У окна друг напротив друга устроились пожилой мужчина с явно избыточным весом и юная девушка. Не то, чтобы совсем ребенок — лет восемнадцать, или даже чуть старше. С первого взгляда было видно: отец и дочь. Ещё было заметно, что от матери девушка взяла, всё-таки больше, и это не могло не радовать. Судя по нарядам, они последние несколько лет провели в несусветной глуши. Ну и богатством похвалиться, очевидно, тоже не могли: перед путешественниками в тарелках была какая-то серая каша с куском вчерашнего черного хлеба.
— Вы позволите присесть? — обратился Клейст к мужчине.
Тот оценивающе взглянул на механика и, видимо, признал его достойным совместной трапезы.
— Садитесь, пожалуйста.
Клейст тут же уселся рядом с девушкой, мне же досталось место рядом с её отцом. Соседство не из самых приятных: рядом с человеком такой комплекции уместиться за столом было трудновато, но это неудобство искупал прекрасный вид на интересную девушку. Тут же подскочил официант:
— Что вам угодно, господа?
Клейст решил взять управление на себя:
— Нам угодно графинчик хлебного вина и к нему достаточное количество хорошей плотной закуски.
— Будет исполнено.
В ожидании заказа мы принялись знакомиться.
— Разрешите представиться: Николай Генрихович Клейст, механик.
Прежде, чем назвать своё имя, я искоса бросил взгляд на своего соседа и успел заметить, как он недовольно поморщился. Что это? Снобизм?

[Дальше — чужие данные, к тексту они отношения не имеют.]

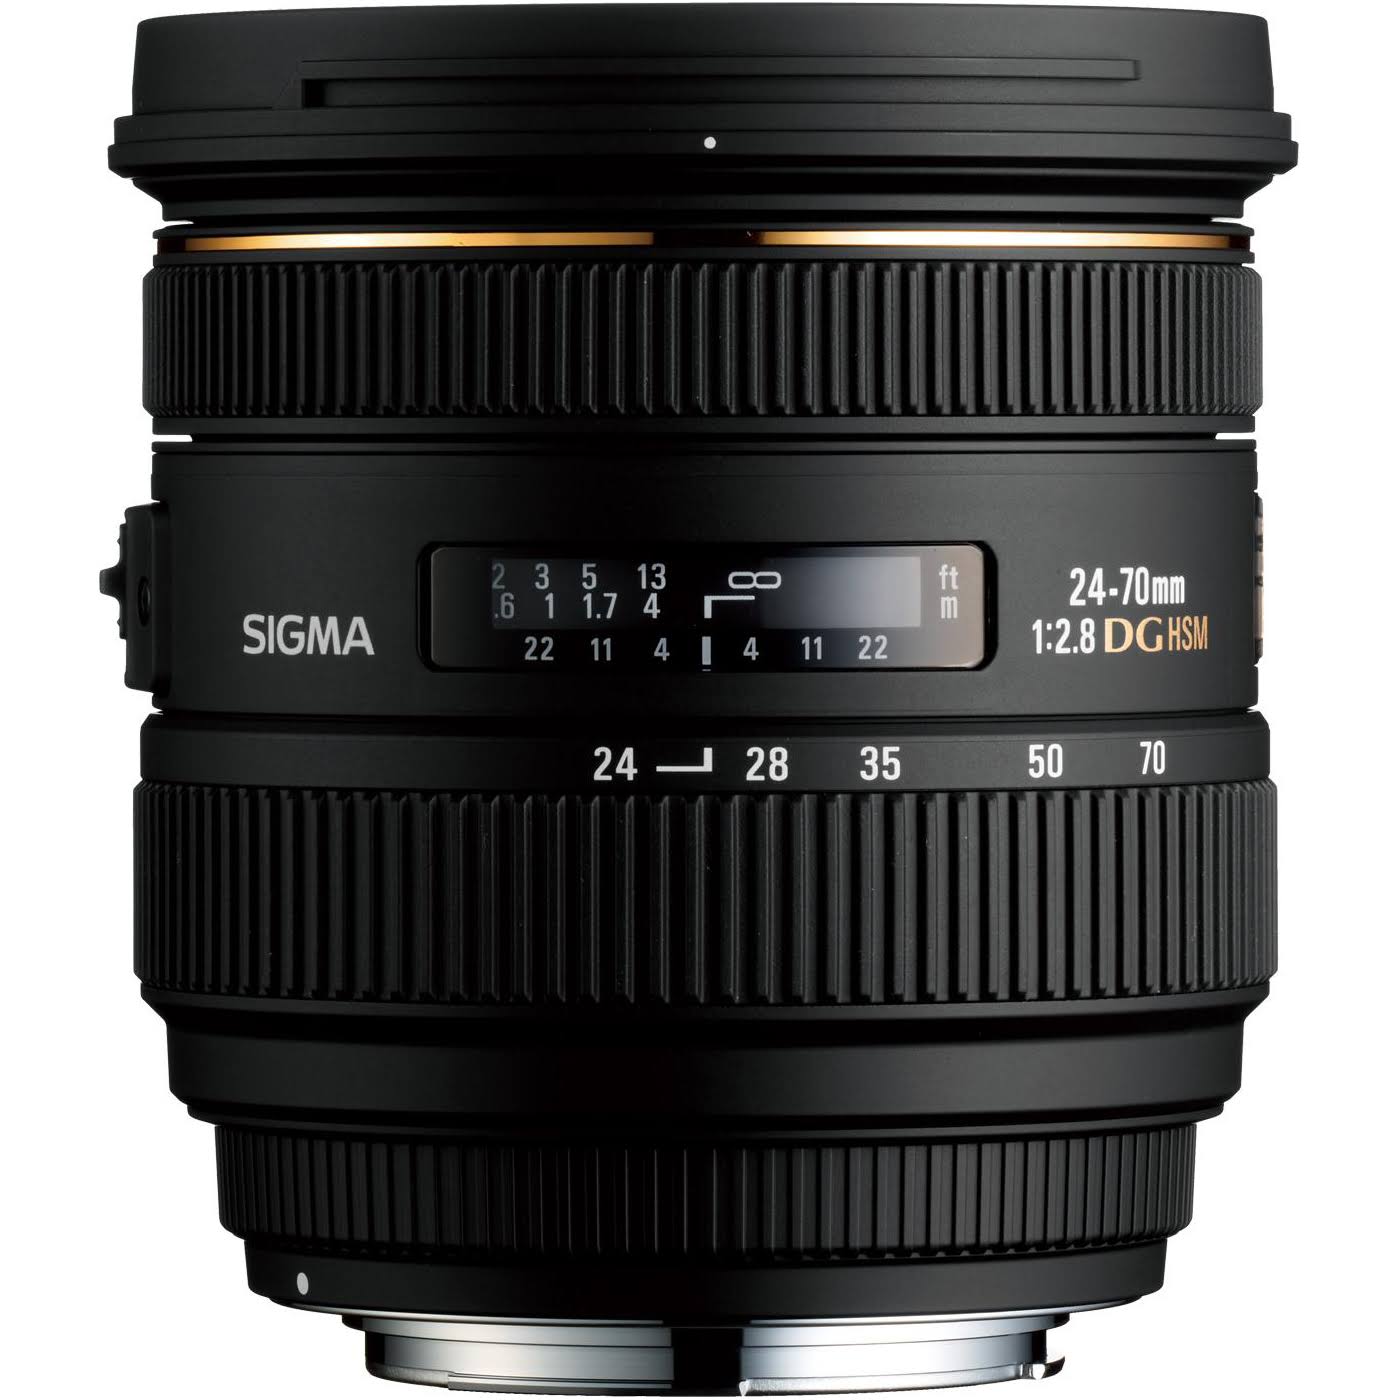 SIGMA Standardowy obiektyw zmiennoogniskowy 24-70 mm f/2.8 IF EX DG HSM AF do lustrzanek cyfrowych Canon

— Стриженов Владимир Антонович, гонщик и отчасти промышленник.
Очевидно, толстяк был уже не слишком рад нашему соседству, но отменить свое разрешение без потери лица он уже не мог.
— Огинский Петр Фомич. Из тех самых Огинских.
«Тех самых» было старательно подчеркнуто голосом. Про Огинских я немного слышал и, в первую очередь, конечно, о знаменитом полонезе. Но поскольку никакой титул не был присовокуплен к имени, можно было сделать вывод, что Петр Фомич принадлежит к мелкой побочной ветви рода, ныне обнищавшей и готовой вот-вот угаснуть.
— Дочь моя, Елизавета Петровна, — исполнял обязательную программу Огинский. — Вышла в возраст, и ныне мы следуем в Санкт-Петербург для надлежащего представления в Вареньки в общество.
— Очень приятно, — произнес я и, вспомнив наставления прадеда, присмотрелся к девушке.
Она была мила. Даже, наверное, красива. Но фигуру скрывало старомодное глухое дорожное платье, а лицо — небольшая вуалетка. Впрочем, я сумел рассмотреть, что кожа её чиста и свежа, а щеки, несмотря на темную одежду, лишены болезненной бледности. На такую девушку стоило попытаться произвести впечатление, и я чуточку распустил хвост:
— Мы с Николаем Григорьевичем тоже едем в столицу, но, в отличие от вас, для участия в больших Императорских гонках.